As ponds and lakes become more common amenities for large estates and commercial properties, says George Forni, increasing numbers of clients are demanding water quality more akin to that of swimming pools than to natural bodies of water – and very often, he adds, they want cleanliness and clarity to be attained without any chemicals. Here, he shows how this can be accomplished, in this case in a system of large ponds on a 100-acre estate.

As ponds and lakes become more common amenities for large estates and commercial properties, says George Forni, increasing numbers of clients are demanding water quality more akin to that of swimming pools than to natural bodies of water - and very often, he adds, they want cleanliness and clarity to be attained without any chemicals.  Here, he shows how this can be accomplished, in this case in a system of large ponds on a 100-acre estate.

Our projects generally take two forms.

On the one hand, we’re called upon to “heal” ailing bodies of water that have been set up with inadequate or improperly functioning circulation and filtration systems. Although other people’s mistakes mean good business for us, I won’t say that we ever look forward to seeing potentially beautiful ponds or lakes cursed by unappealing or even unhealthy water conditions.

On the other hand, we often have the opportunity to join a project at the design phase and handle the installation as well, applying what we know about water quality from the first conceptualization of the watershape. That’s always a welcome prospect: Not only is it exciting to build things from the ground up, but it also gives us the capacity to ensure beautiful water and a satisfied client.

The project to be covered here is of the latter category: Our involvement began when we received a call from the property’s developer, an upscale builder in California’s beautiful Sonoma County. It was a unique situation in which two large ponds were to be located on a 100-acre site that was to host two grand estates.

The main requirement: The developer wanted the ponds to have extremely high water quality without the use of any chemicals.

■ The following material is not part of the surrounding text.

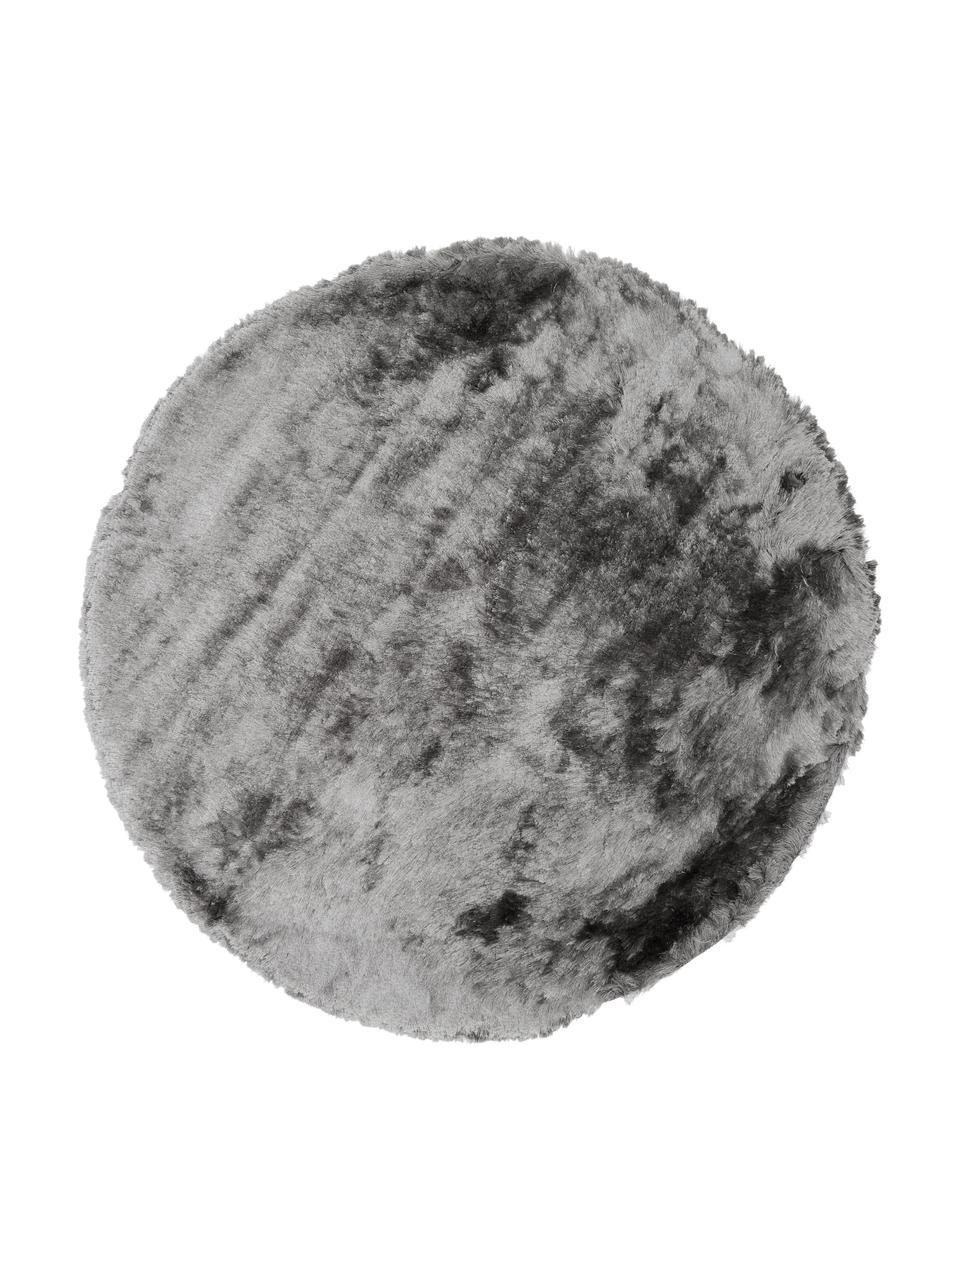 Glänzender Hochflor-Teppich Jimmy in Hellgrau, rund, Flor: 100% Polyester, Hellgrau, Ø 200 cm (Größe L)
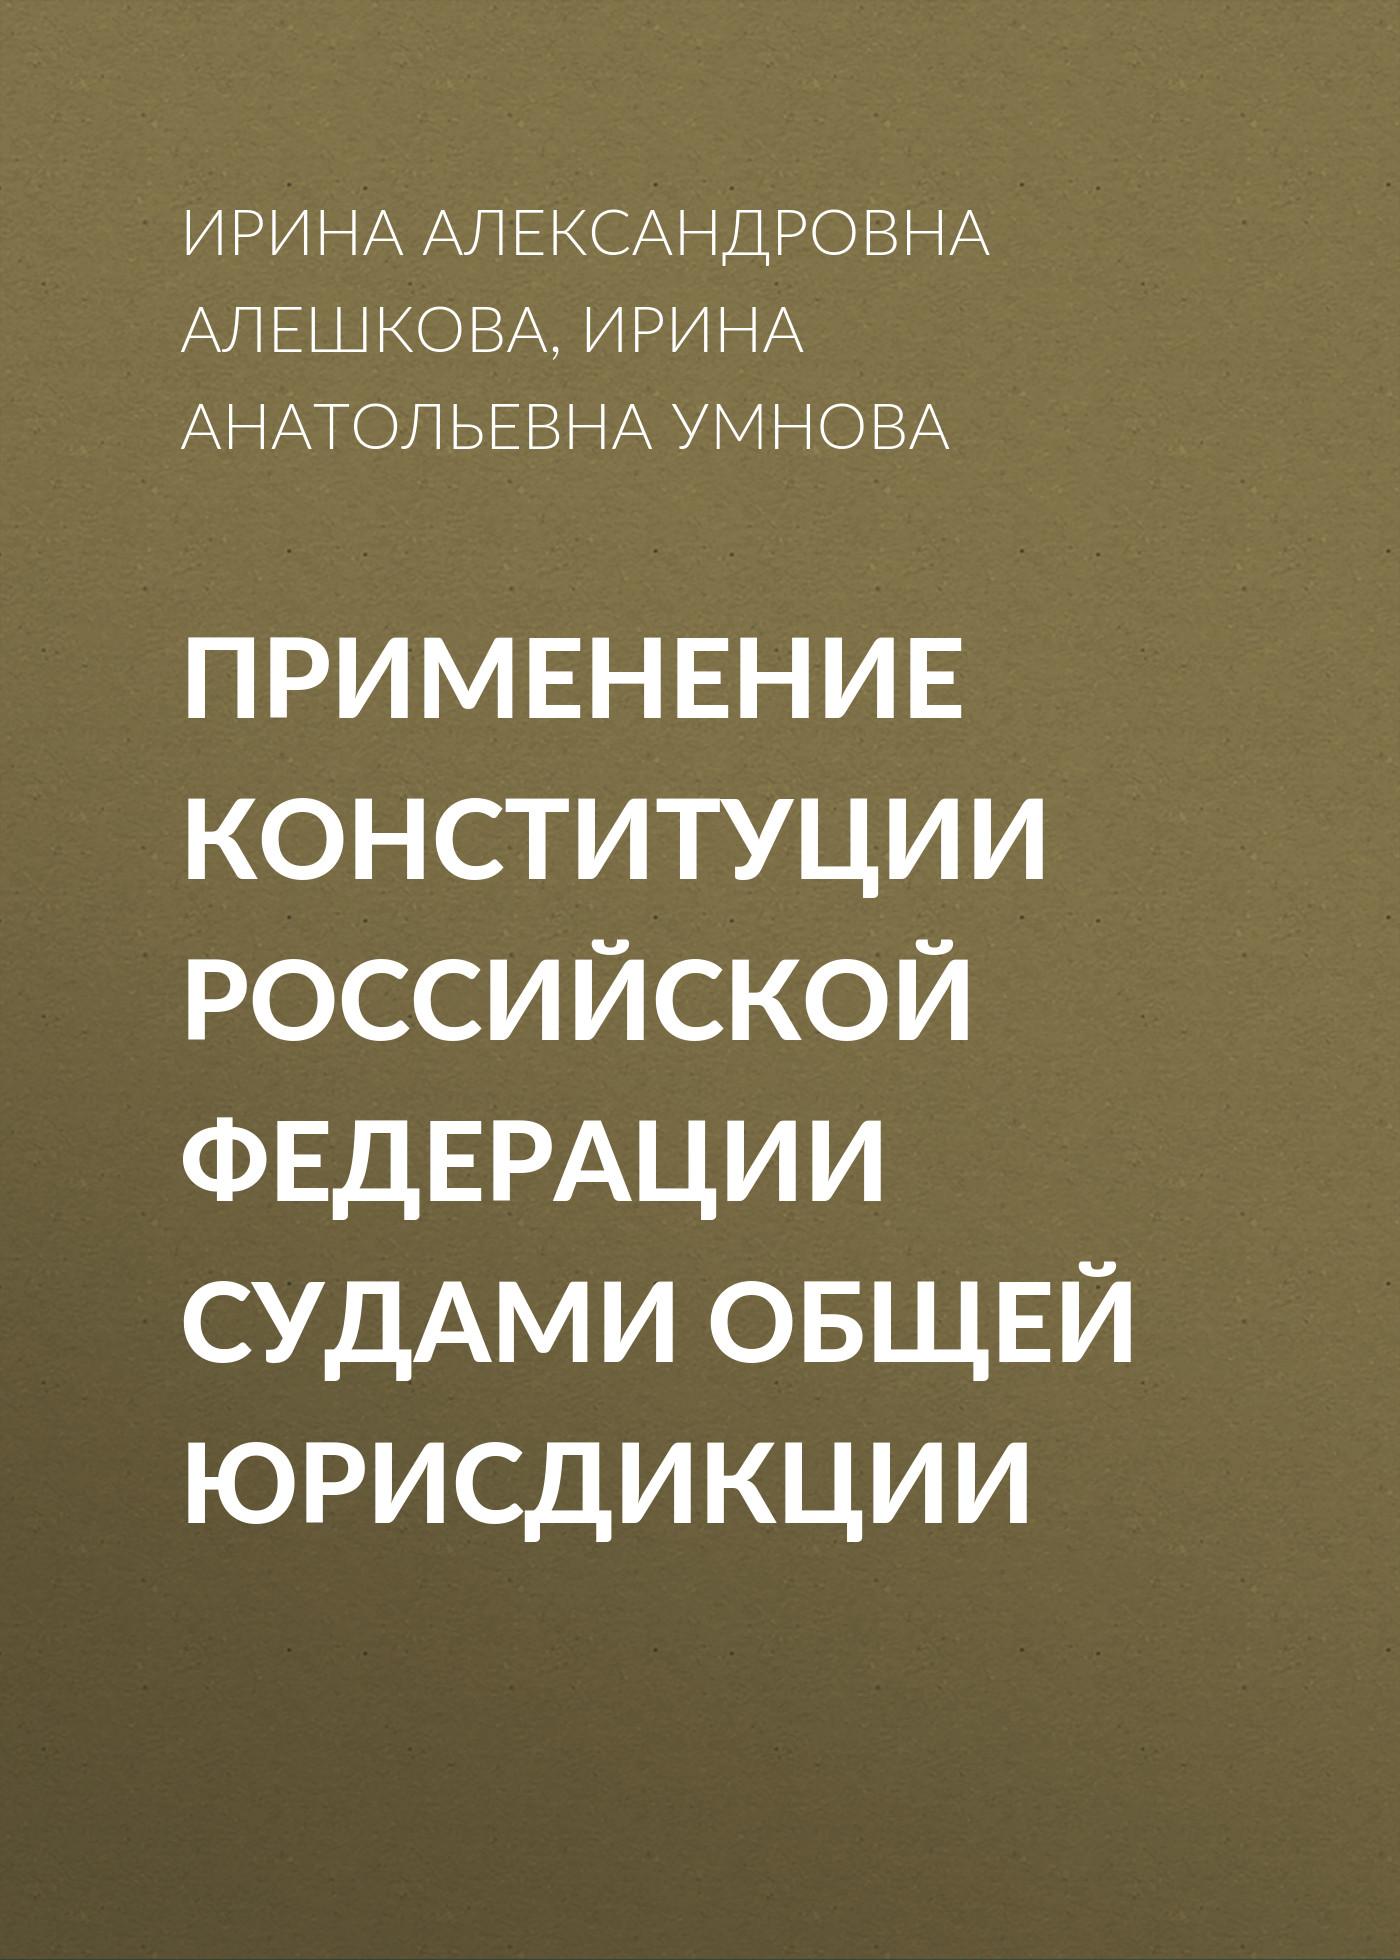 все цены на И. А. Алешкова Применение Конституции Российской Федерации судами общей юрисдикции онлайн

From the start, we at Aquatic Environments (Alamo, Calif.) worked hand in glove with a terrific landscape architect, Peter Wurtz of Landesign Group (Sebastopol, Calif.) He’d shown the owners photographs of beautiful ponds he’d seen in Arizona, a process that had given them a good idea of what they wanted.

We put our reputation on the line, declaring that we could deliver systems that would meet (or exceed) both the water-quality and aesthetic goals defined for the project and went to work. The basic idea was that the two ponds were to operate separately but would appear as though they were part of a single system lain between the two homes on the property.

As you enter the property, you’re treated to a view of the ponds through the oak trees. In all, the water covers a surface area of an acre and a quarter between two estate homes. (All photos by Michael Weiser, Michael Weiser Photography, San Jose, Calif.)

The site featured rolling hills, stands of live oak and a landscape strewn with boulders and beautifully weathered fieldstone. We knew immediately that the rock material would simplify the process of blending the ponds into their natural surroundings; we also knew that we wouldn’t need to go far to get all the stone we needed.

The basic design also called for use of a tremendous amount of plant material right down to the water’s edge – easy to do, but also a major potential challenge to the water-clarity goal.

The first step in the installation phase involved creation of a large earthen dam. The ponds were to be located on a sloped area, so the downhill side of the slope had to be built up both to stabilize the slope and to provide a flat area for the watershapes. The nature of this contouring led us to use a vinyl liner rather than a clay liner: We needed to prevent any water seepage that might compromise the dam.


The stream feeding the upper pond has its headwaters in small stilling ponds adjacent to one of the homes. The water flows down under a bridge before falling through a short cascade and into the upper pond.

Use of the vinyl liner had some other advantages as well. For one, the landscape design called for locating a number of trees close to the water’s edge, and the liner provides a level of projection from root intrusion. For another, topping the liner with gunite at the waterline would enable us to create a distinctive edge treatment that would easily support boulders and other stone material.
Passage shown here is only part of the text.